The first tab, the 'Main Plots' section, is where you will be able to view the interactive results plots. On the left hand side of the screen will be the options panel used to alter the padj and fold change cutoff values, what specific data set to use such as up or down regulated genes, what comparison dataset you would like to use to plot, and what type of plot you would like to view your results in (Figure 8).
Comparisons are ordered based on how they were entered by the user and for information about samples within each comparison are displayed right under the option tabs. Plot choices include:

  • Scatter plot (Figure 9)

  • Volcano plot (Figure 10)

  • MA plot (Figure 11)

Once you have selected your values, you can hit the 'Submit!' button to create your interactive plots! Depending on whether you are using the local install or the web-based application, rendering times my vary.

The top left plot is the main plot of whichever plot you have selected to use to analyze your results. Up-regulated genes are displayed in green while down-regulated genes are displayed in red (Figure 12). Hovering over a gene on this plot will display the bottom two bar graphs: the genes normalized variation and colored by condition in the left graph, and the normalized variation between conditions within the right graph.
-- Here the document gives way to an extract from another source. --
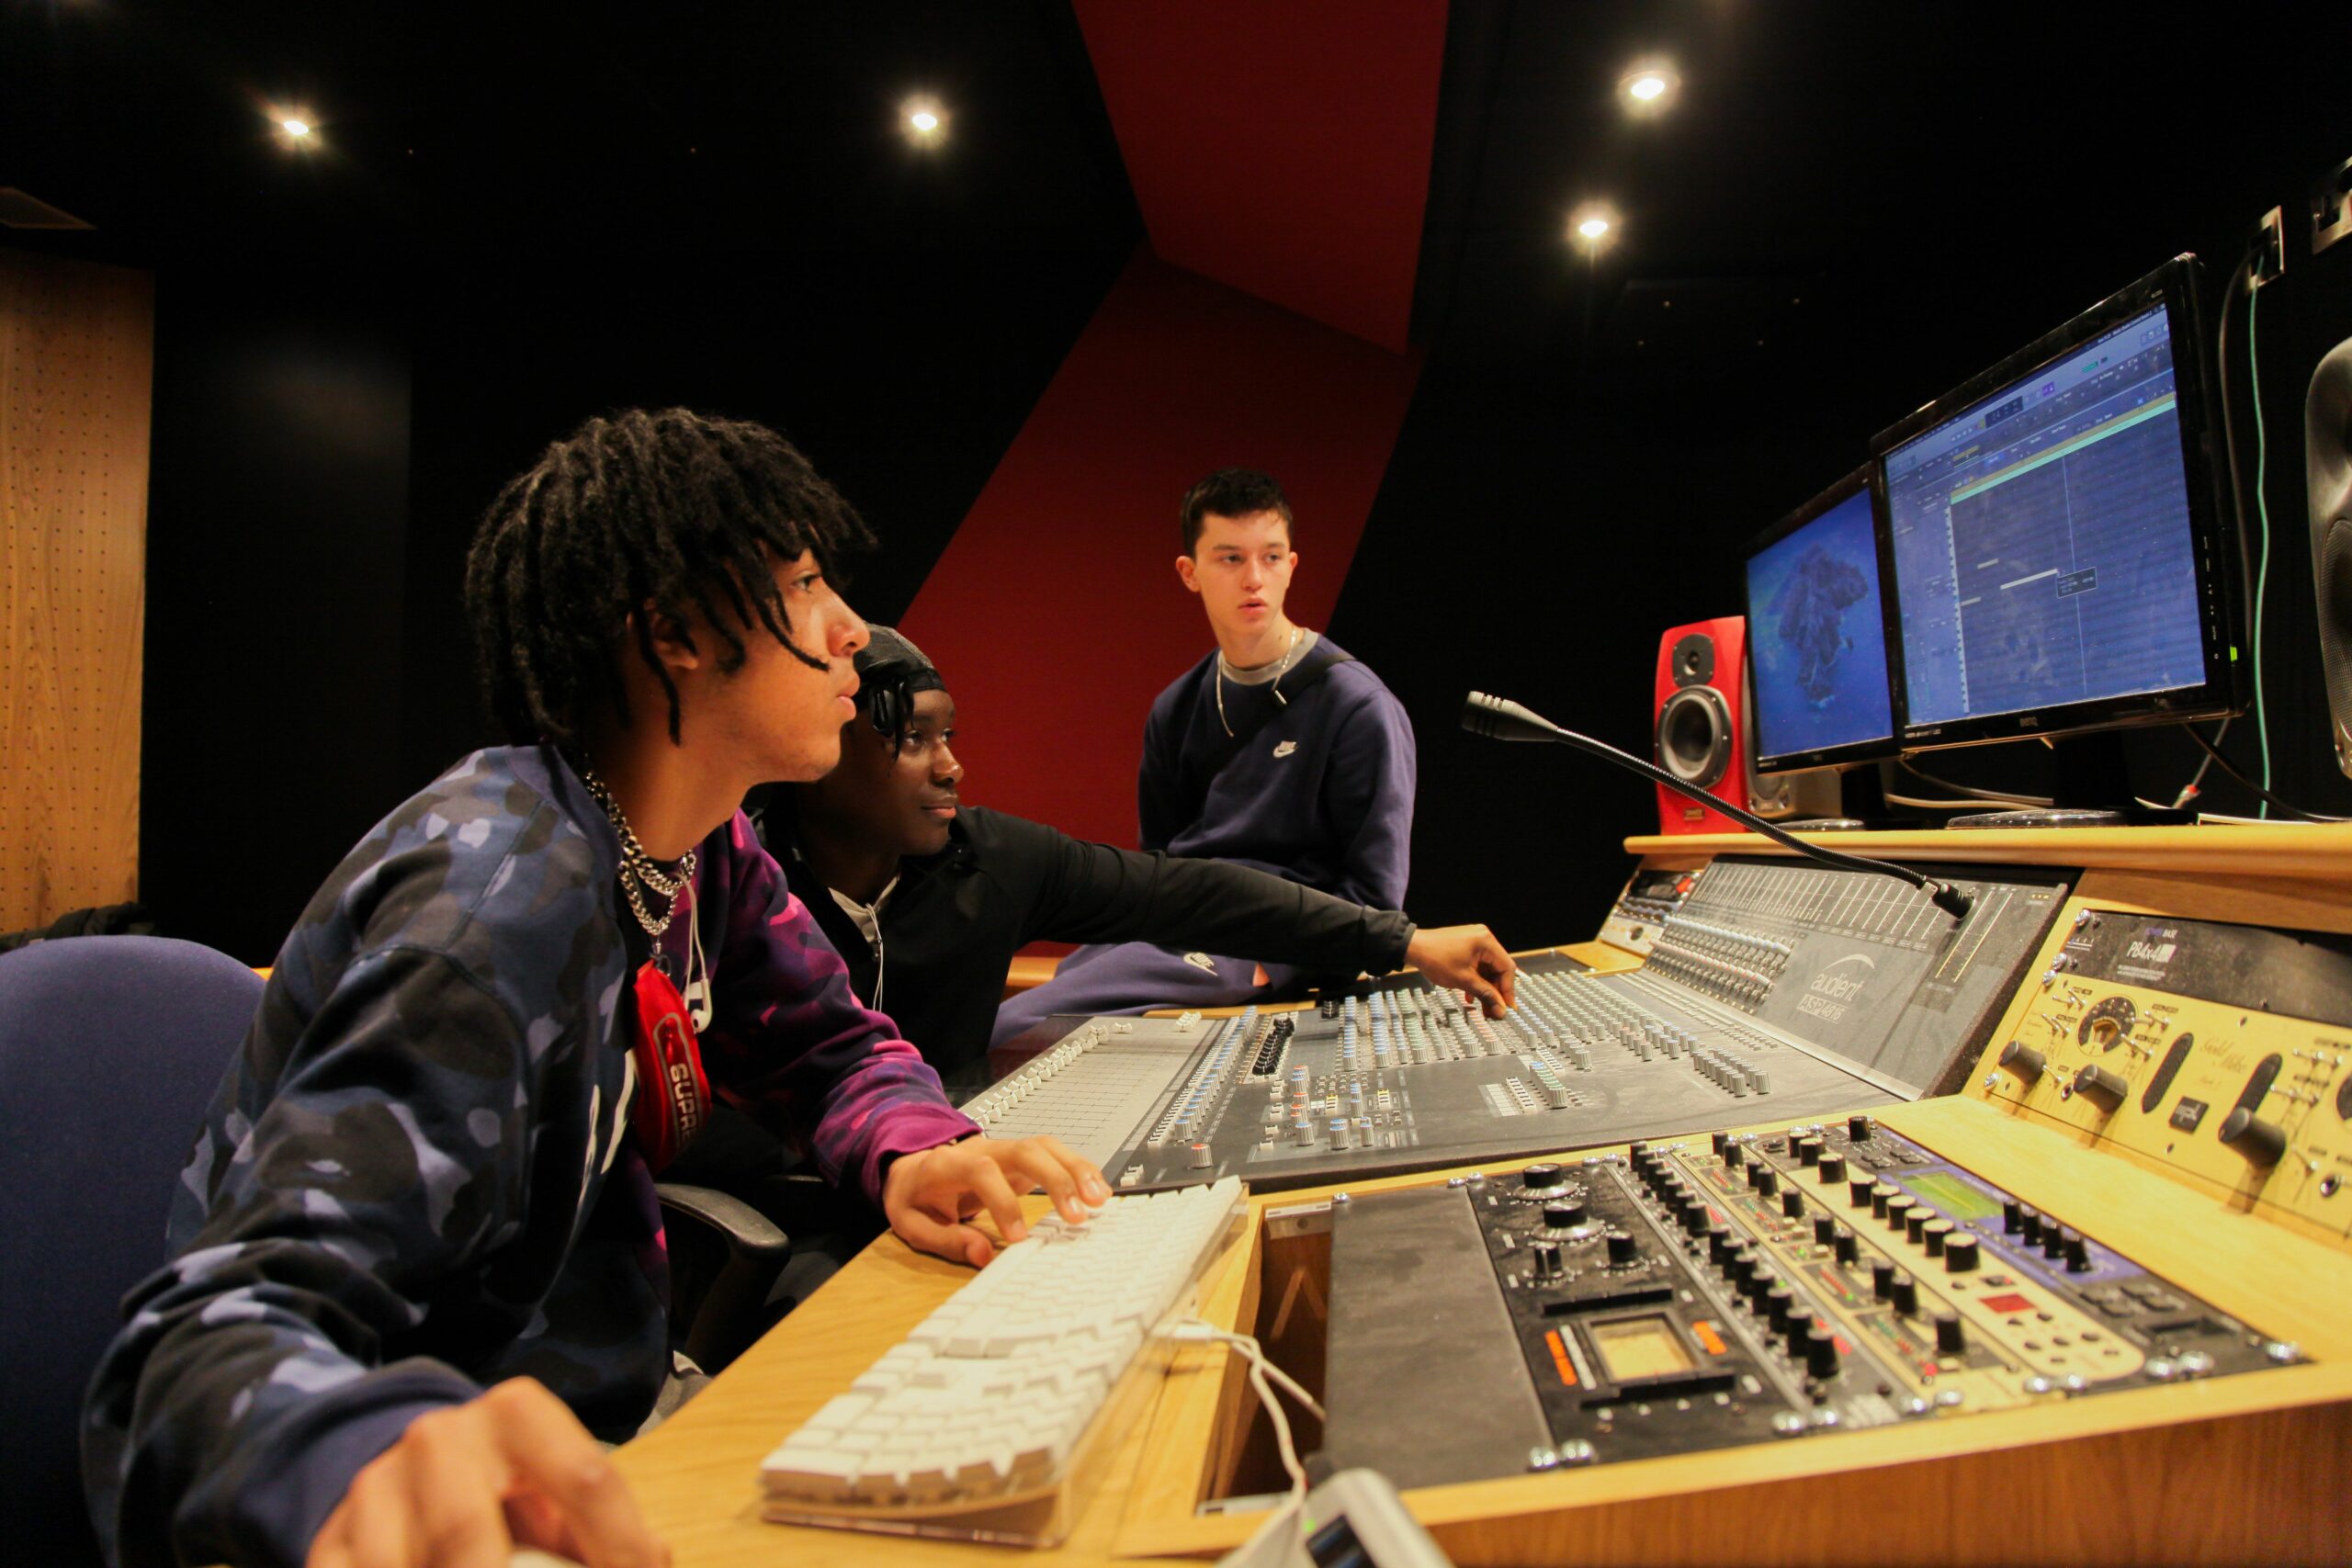 Students producing music in the production room, mixing the levels

Hovering over a gene will also display information about that gene in regards to both conditions you have selected. By clicking and dragging your mouse to create a selection over the main graph, you will create the top right plot, or the zoomed in version of your selection. If you are going to change any of the parameters on the left, please make sure to re-click the 'Submit!' button to update the graphs. You can also change which type of dataset to use within the main plots by selecting from the drop down dataset box such as looking at the N most varied genes which are displayed in yellow(Figure 13). Additionally, you can further filter these datasets by typing in the genes of interest, or regex for specific genes, to search for those specific genes within the dataset (Figrue 14). Specific gene searches are displayed in blue. All of these filtration options can be located on the left side panel which will also change based on the plot or dataset you wish to view/manipulate. It's also worth noting that the plots are resizable as well as downloable.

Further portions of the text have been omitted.